Paul Corbin came to Alaska many years ago to commercially fish for salmon. The lifestyle suited him and he had many boats, caught many fish, raised a family and maintained a wilderness homestead in a remote area of southeast Alaska that would become Lisianski Inlet Lodge. Here is his story, enjoy!
Alaska's weather is often like a woman. Sometimes calm and peaceful while showing the beauty of the land and sea. At other times she can change into a furious monster in no more than a blink of the eye. The fisherman needs to always be always watching for these changes and be prepared for any surprises that the weather chooses to send his way.
In the northern latitudes, the ocean is referred to in the feminine sense; 'she' is calm today or she's getting rougher and looking real bad. The fisherman also sometimes refers to his boat in the feminine sense. Anyone in the business of making a living catching salmon always wishes for good weather on the ocean. A day of flat calm with everything working well, no breakdowns and every line loading up with nice big king salmon is good.
When the weather becomes angry the sea comes to the fisherman in all sorts of moods, bringing high winds and huge waves, often times causing a fishing boat to sink with loss of lives. The fisherman who finds safe anchorage to ride out the storm feels lucky, even if the storm lasts for days.
It was time to pull the gear and head for the harbor. The sea was building and coming straight out of the southwest, lumping up and catching the troller on the quarter stern. Enough of this, the fisherman thought, taglines were breaking and it was hard to keep up a decent trolling speed. He knew of a good harbor which was almost landlocked and figured he would head there and wait it out. It took a while to get the gear in and by the time the fisherman had finished stowing the fishing lures the lump from the southwest had built up considerably. He turned the boat towards the distant island where the harbor was and started running in ahead of the building waves.

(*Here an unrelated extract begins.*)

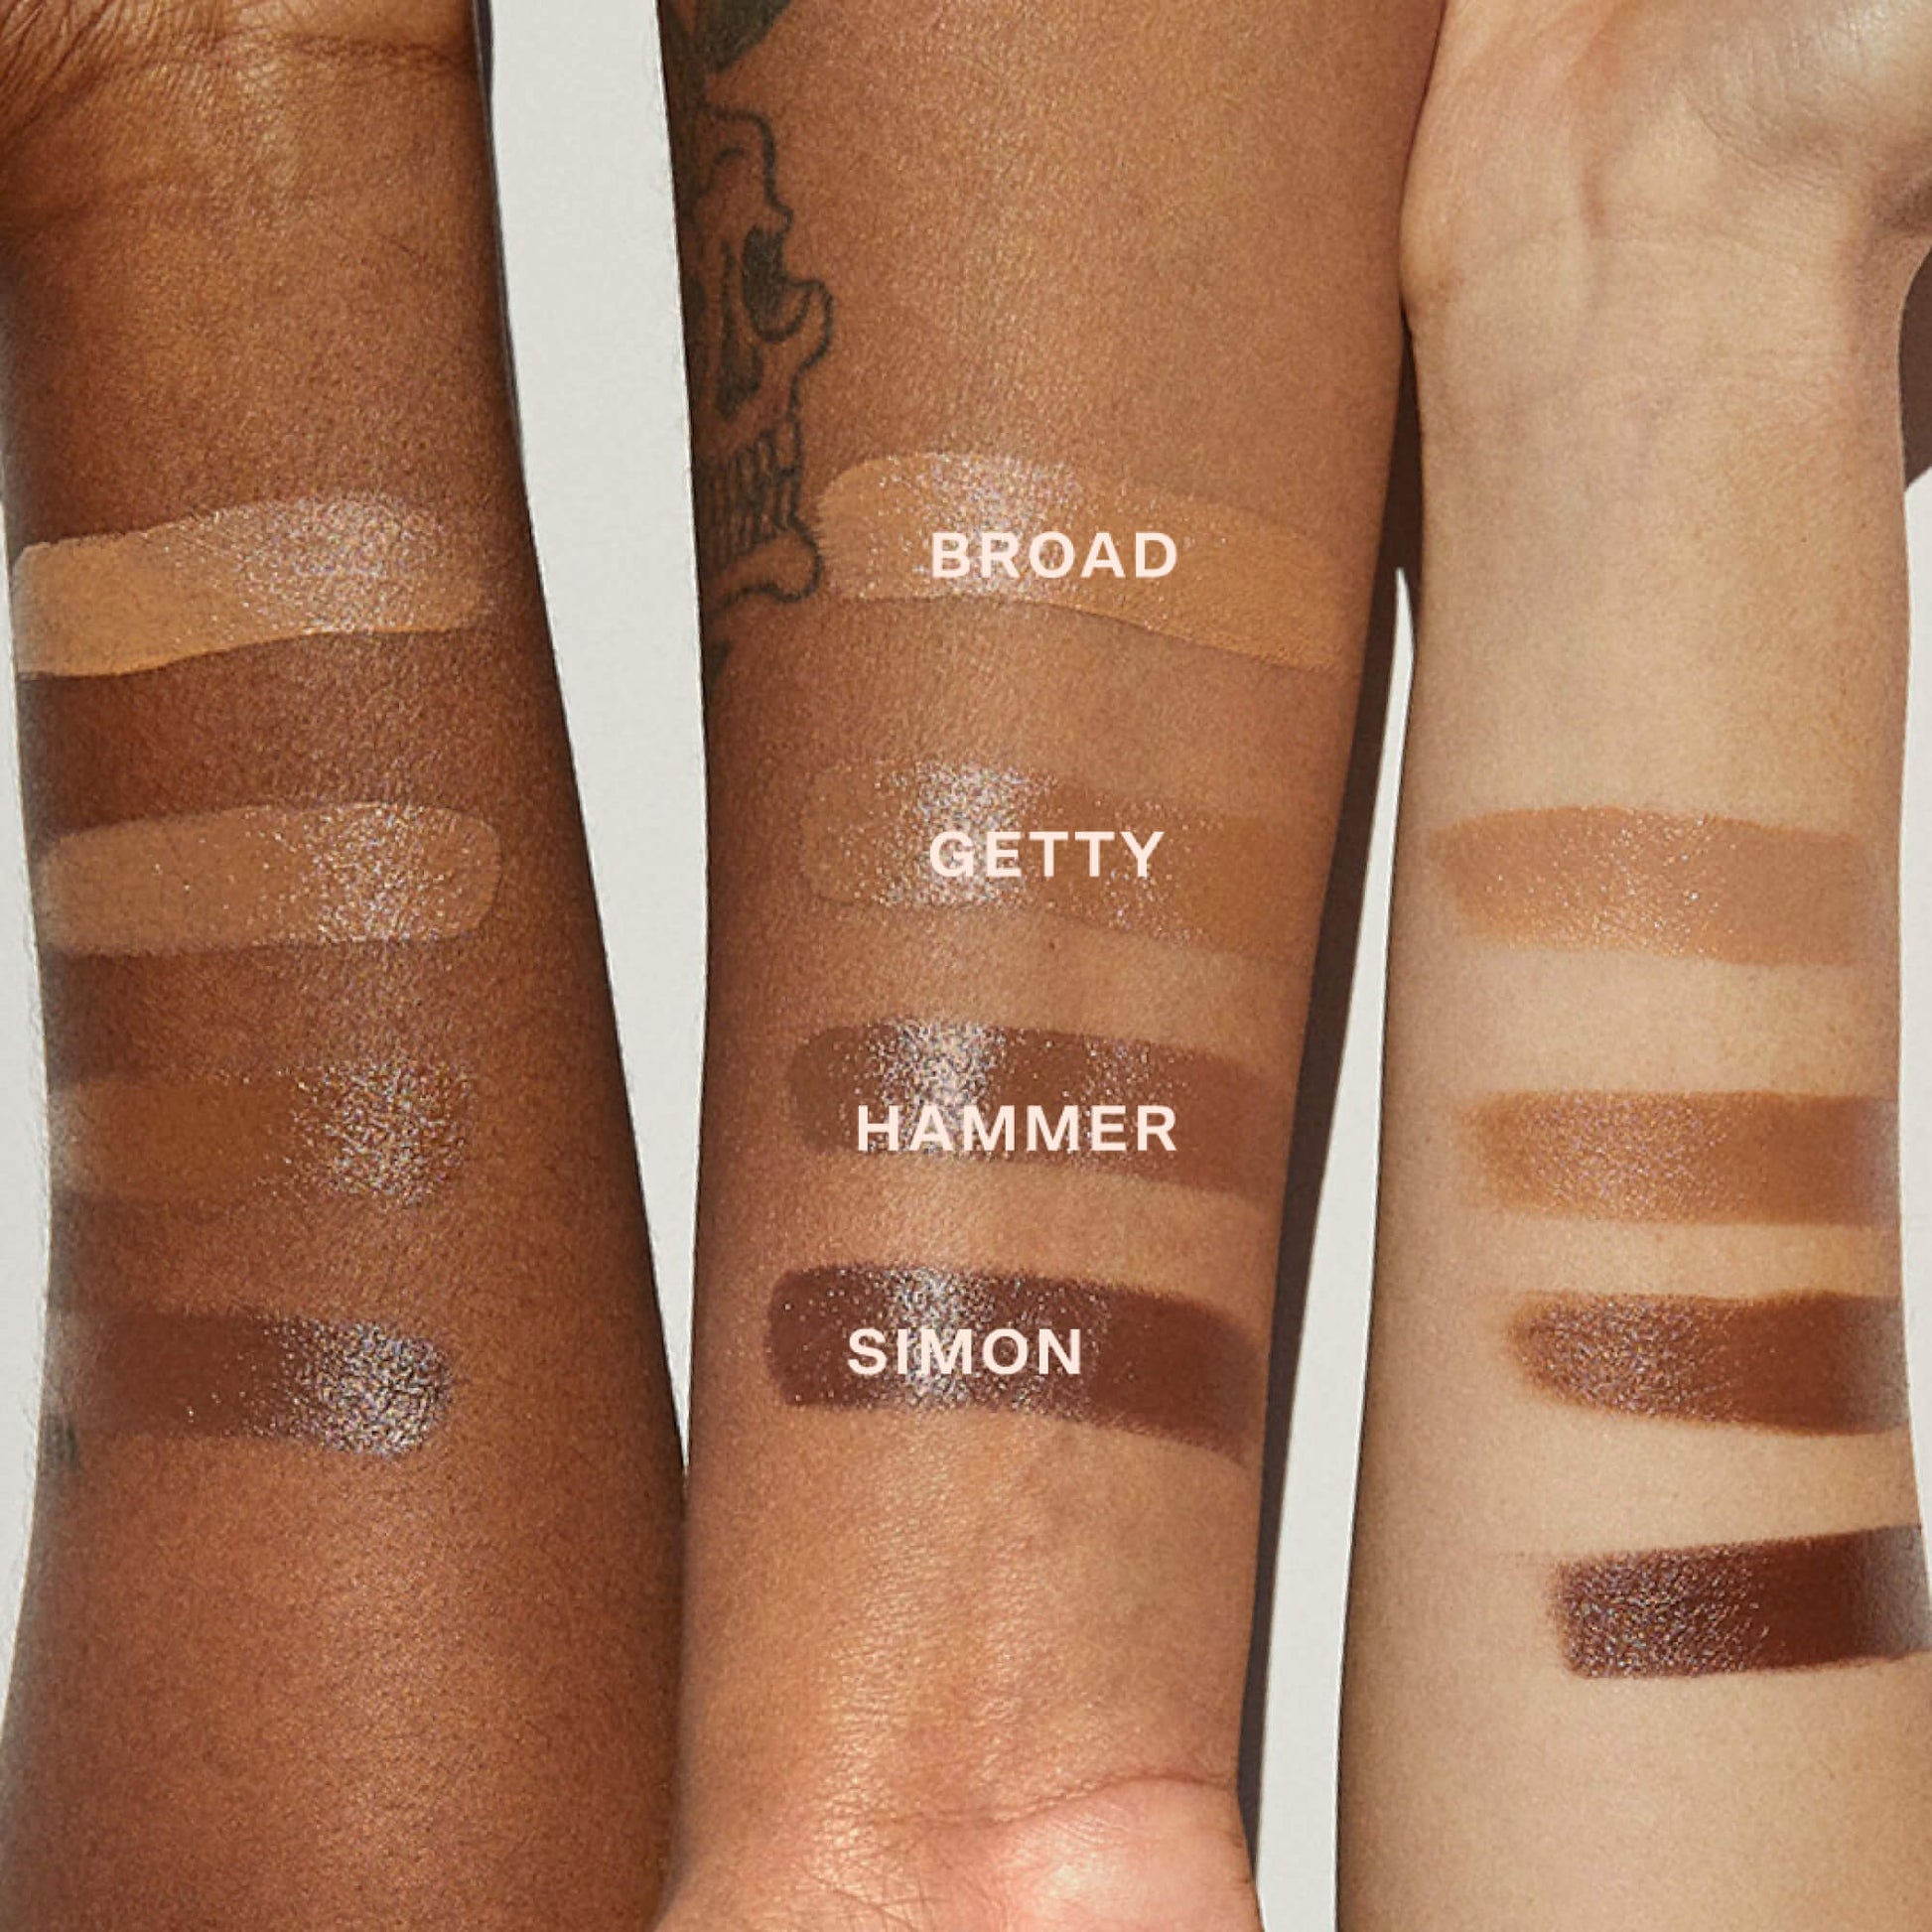 [Shared: All four shades of the Tower 28 Beauty Sculptino™ Cream Contour swatched on three different skin tones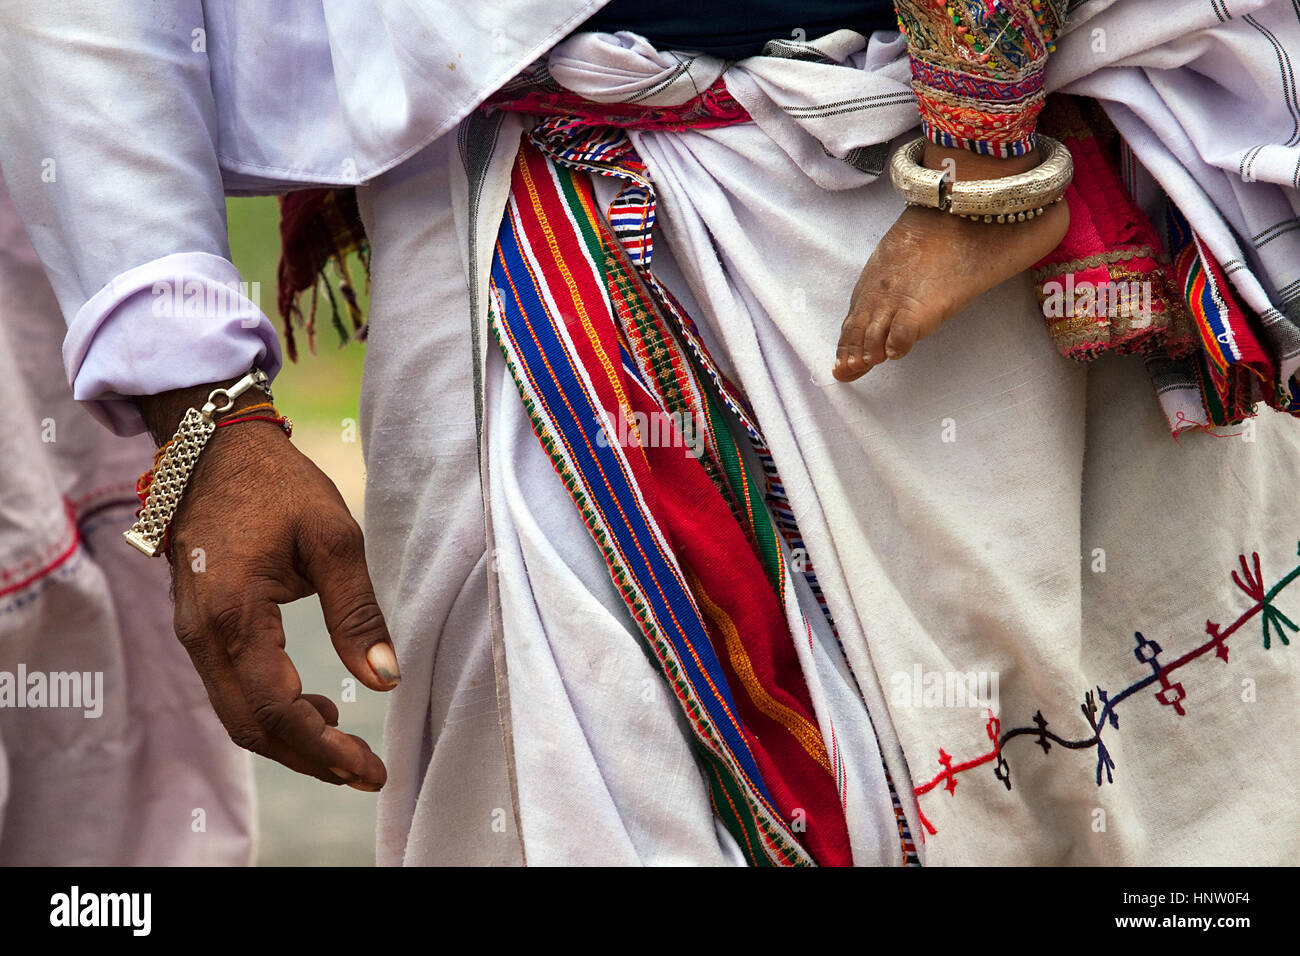 Hands and legs of father and son, from interior village of Kachchh, India, wearing traditional clothes and ornaments Stock Photo

On the way towards the entrance of the harbor, the fisherman started thinking about what he would do once he was anchored up. First, he would have to ice down the king salmon which were in the checker on the back deck. Maybe he would fix himself a little drink while cooking up dinner and then spend some time tying up new leaders and hoochies. The sharks had been pretty tough on the bait hooks and hoochies in the last few days. It would be nice to be in the quiet harbor, hearing nothing but the distant rumble of the sea and falling asleep in his bunk. As the boat drew closer to the harbor entrance he could see white clouds of ocean spray shooting up from the huge black rocks on the beach.
The wave came from far out in the ocean towards the land. It was traveling fast and building up unbelievable strength as it approached the shallower grounds. It poked its head out showing its white fangs. At first, it looked just like the other waves except that it carried with it much more force and speed. In a matter of a few minutes, it would suddenly find itself in two fathoms of water just at the harbor entrance. The impact would be like a semi truck hitting a brick wall at 80 miles an hour.
The fisherman steered his boat past the first of the outer rocks and lined up on the painted markers showing the way to the inner harbor. It would be nice to get into the harbor and have a drink he thought. Soon he would be in flat calm protected water. Focusing on the white markers painted on the distant rocks and looking straight ahead, he never saw looming up behind him, the huge wave.
The wave hit the quarter stern of the troller, lifting the boat up and flipping it over on it's back. The fisherman suddenly found himself upside down while hanging on to the spokes of the ship's wheel. At that moment he felt nothing except a quiet calm, his body suspended in space, floating about in slow motion in a dream world he couldn't do anything about. So this is it! He thought. I'm going to die! In the next instant, the troller righted itself, amazingly still moving on its course for the protected harbor. It was then that the fisherman came back from that unreal world and realized that the engine was still running and he had a chance to make it into the harbor. He looked out to the back deck and saw that two trolling poles were broken off with trolling pole wire stays and chain dragging along with the boat, dangerously close to getting tangled up in the propeller. Also, he saw that all the checkerboards were gone, including his salmon and the hatch cover to the ice hold. It was then that he saw that the hold was half full of seawater. God knows what was going on in the engine room! Keep running boat! He thought. We have to make it in!
He had made it! The boat was anchored in the quiet protected harbor, sea pump discharging water out of the hold and engine room. The back deck was a shambles and broken trolling poles were floating alongside the hull. Most of his fishing gear had been swept off and would have to be replaced. There would be a lot of work to do in order to get back into the fishing business. It could have been a lot worse he thought. He heard a hello and turning, saw that Big John had rowed over in his skiff from his own boat which was anchored nearby. "Looks like you might need some help" Big John said. "I guess I could use some John, thanks".
In the next day and a half, both men worked cutting new spruce trolling poles, each one 44 feet in length, they then peeled the bark off the poles, dragged them down to the beach and towed the heavy poles out to the boat with Big John's skiff. Most of the rigging from the broken poles could be salvaged and was put in place on the new poles. It was a lot of work and couldn't have been done without Big John's help. Two days later the fisherman was back out on the fishing grounds. The ocean had calmed down and the fish were still biting.
Note: in the above story, I couldn't thank John Clauson enough for his help. John had many of the tools needed and a light plant used for some of the drill work needed to prepare the poles for mounting on the boat. Along with his help, he lost valuable fishing time, but he never complained and, as always, kept his good humor. The event I write about is meant to show the other side of life as a commercial fisherman. All of us have our stories to tell. The Helen T was a 45 foot Tacoma Shipyard hull with close to 9 feet of draft. It was a good boat and I often think that if it had been any other boat it may not have righted itself after being rolled over by the wave. I'm glad it did because it didn't really feel quiet right steering a boat upside down. Again, to you John Clauson, may you 'splice the main brace' often in Valhalla my viking freind.